Возбухать никто не пожелал. Методы воспитательной работы уидовского спецназа [6] , отделение которого постоянно дежурило где-то на верхних этажах СИ-1, надолго оставляли мрачный след в памяти любого обитателя пенат, будь он хоть трижды дегенератом.
– Ну зачем спецназ? – вкрадчиво пробормотал вредный Григорий после некоторой паузы. – Ты зайди сюды, пощупай его – вдруг он кони кинул? А коли не кинул – так он тебе по черепу жахнет, переоденется и, как в 1954-м…
6
Уидовский спецназ – подразделение для усмирения заключенных.
– Да заткнись ты, чмо! – пресек старого педераста Смирнов. – Человек умирает! Ну давай, давай – сделай че-нибудь, братуха! – обратился он к попкарю. – Доктора позови – не веришь, сам зайди, проверь – ведь помрет же!
– Вот это ты влип, Иваныч, – грустно резюмировал Адвокат. – ДПНСИ доложишь, что подследственный ложку заглотил, – вставят на всю катушку. Куда смотрел? Не доложишь – вдруг помрет? Опять же вставят. В камеру зайдешь – на части порвут. Хи-хи…

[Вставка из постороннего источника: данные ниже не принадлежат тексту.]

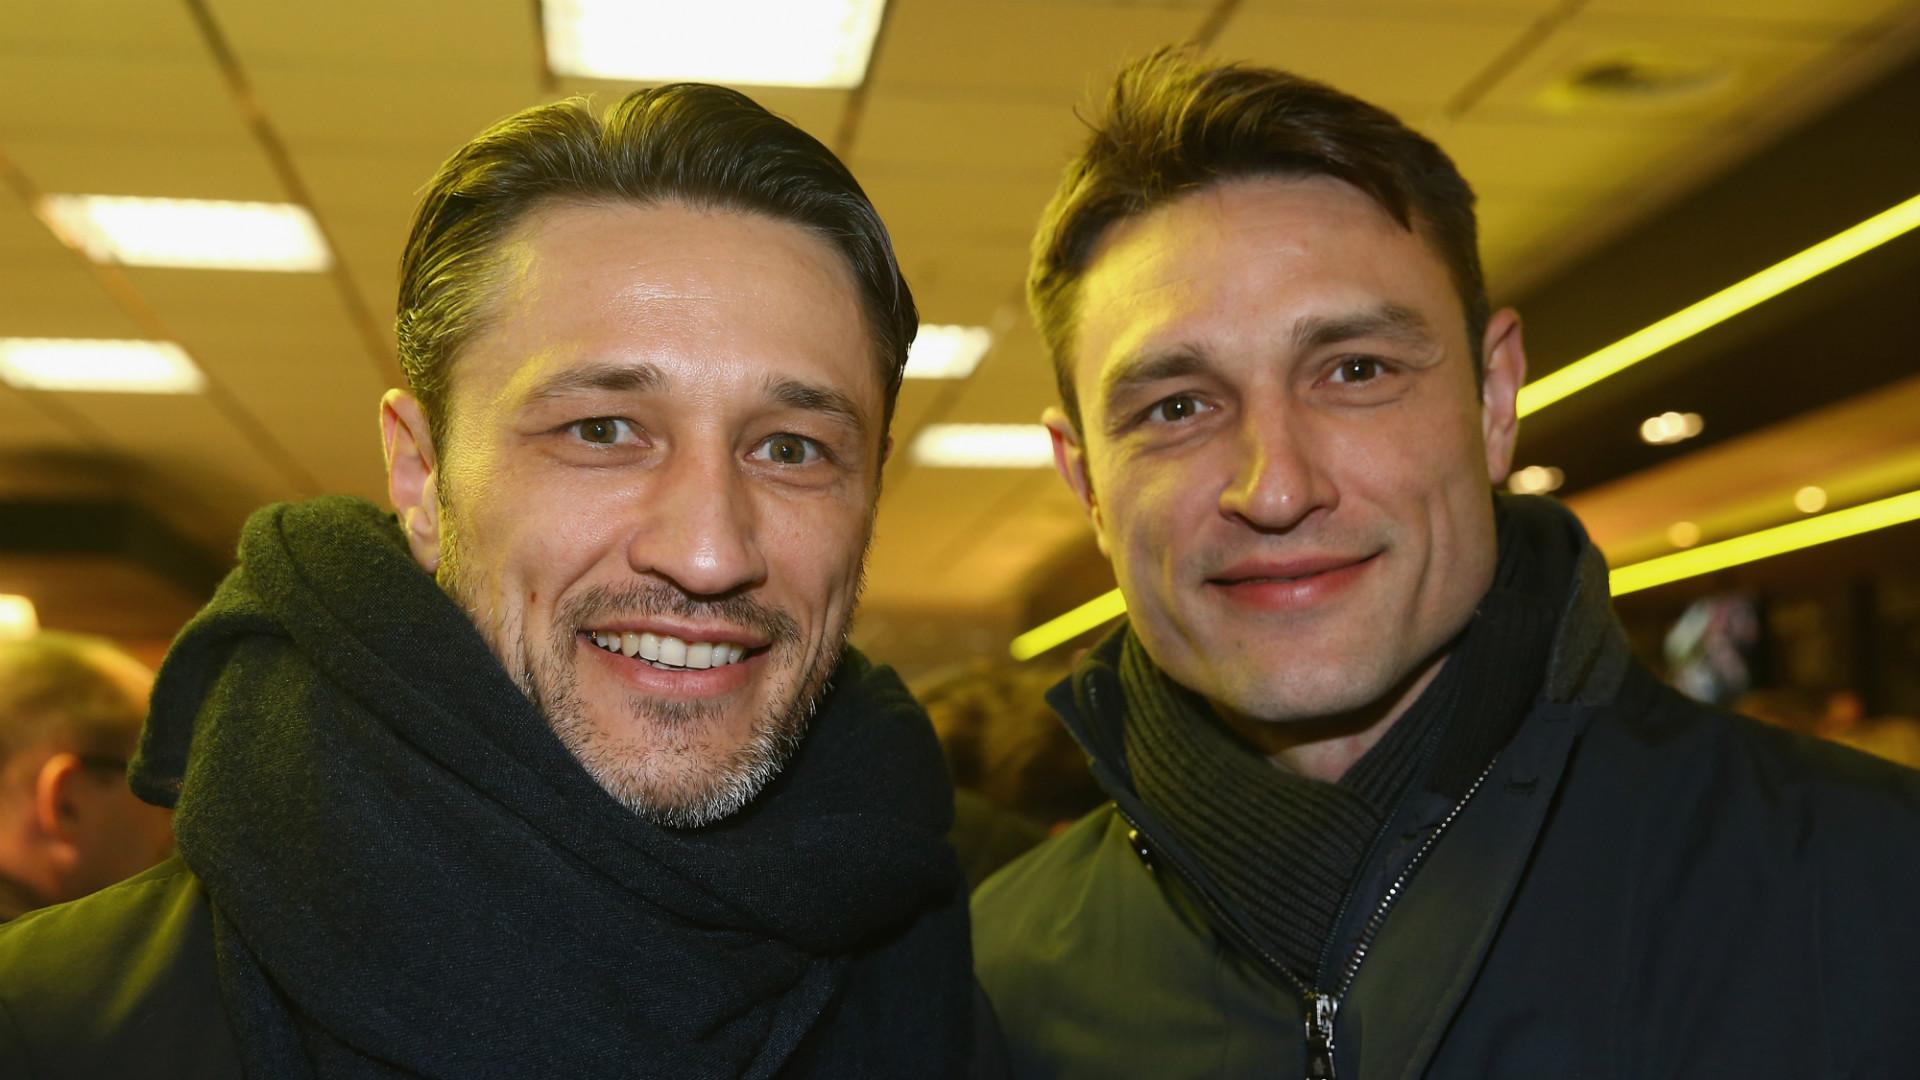 Niko and Robert Kovac, Eintracht Frankfurt

– Ага, разогнался! – досадливо пробурчал корпусной. – Щас все брошу и побегу докладать! Пусть себе лежит – ни хера ему не будет!

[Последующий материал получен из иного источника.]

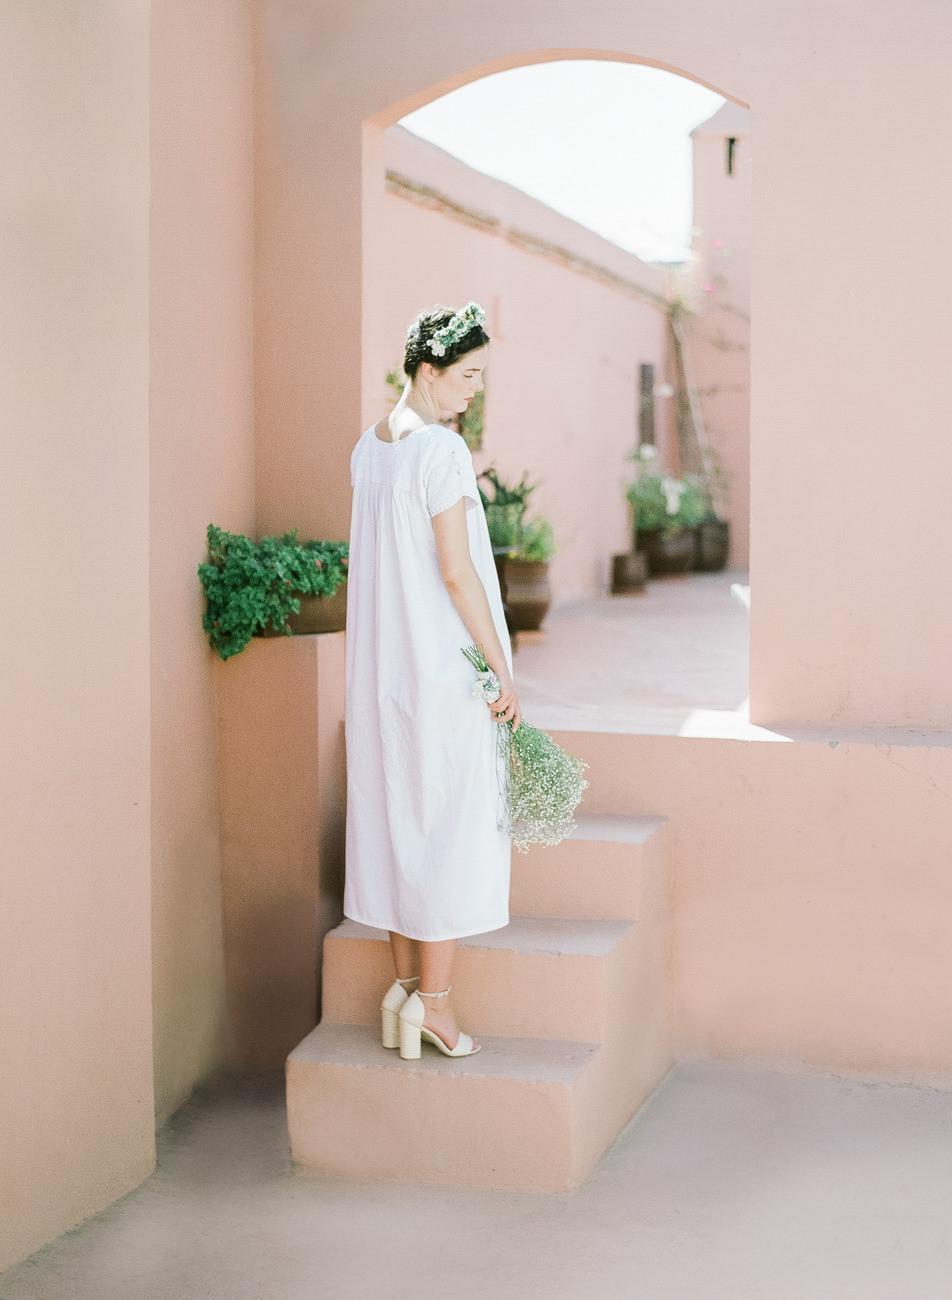 marrakech-photographe-mariage-alain-m-8.jpg

– Зря ты так, Иваныч! – сурово прикрикнул Григорий. – У меня разок корпусной недоглядел – подследственный отравился дрянью и помер. Так корпусному поджопник – пошел на хрен с работы! – и платить компенсацию семье заставили… Так что – топай. Пущай экстренный вызывают – надоть бы этого в клинику свезти.
Корпусной сурово задумался на полсигареты и, захлопнув кормушку, потопал к выходу из отделения. Спустя пять минут меня аккуратно выдворяли из камеры – при сем знаменательном событии присутствовала практически вся смена попкарей и сам ДПНСИ, который сноровисто обшарил камеру – видимо, на предмет поисков пропавшего черенка, такового не обнаружил и велел тащить меня в дежурку.
Еще минут десять я лежал на носилках в приемнике, дожидаясь конвоя, и изображал нечеловеческие страдания для наблюдавших за мной двух вислоносых прапорщиков. Отыскавшийся где-то в объемном чреве СИЗО престарелый фельдшер Игнатьич не счел нужным даже пощупать меня – написав от фонаря направление, он вручил его прибывшему начальнику экстренного караула и наотрез отказался сопровождать меня в клинику.
– Я вам, блядь, не зэчара, чтобы в автозаке трястись, – презрительно заявил Игнатьич начкару, когда тот настоятельно потребовал, чтобы больного сопровождал врач. – В кабине ведь не повезешь?
– Не повезу, – согласился начкар – мясистый краснолицый дядька предпенсионного возраста. – Больно ты жирный, вдвоем не поместимся. Да и не положено это…
– Ну а в трюме я вам не ездун, – отрезал Игнатьич. – У вас там воняет…
– Тогда вообще не возьму, – меланхолично пожал плечами начкар. – По уставу не положено – сам ведь знаешь! Вдруг он в дороге окочурится?
Пока они препирались, прошло еще что-то около десяти минут – вынужденный притворяться, я настолько вошел в образ, что сам поверил, будто у меня внутри минимум ятаган – даже колики появились.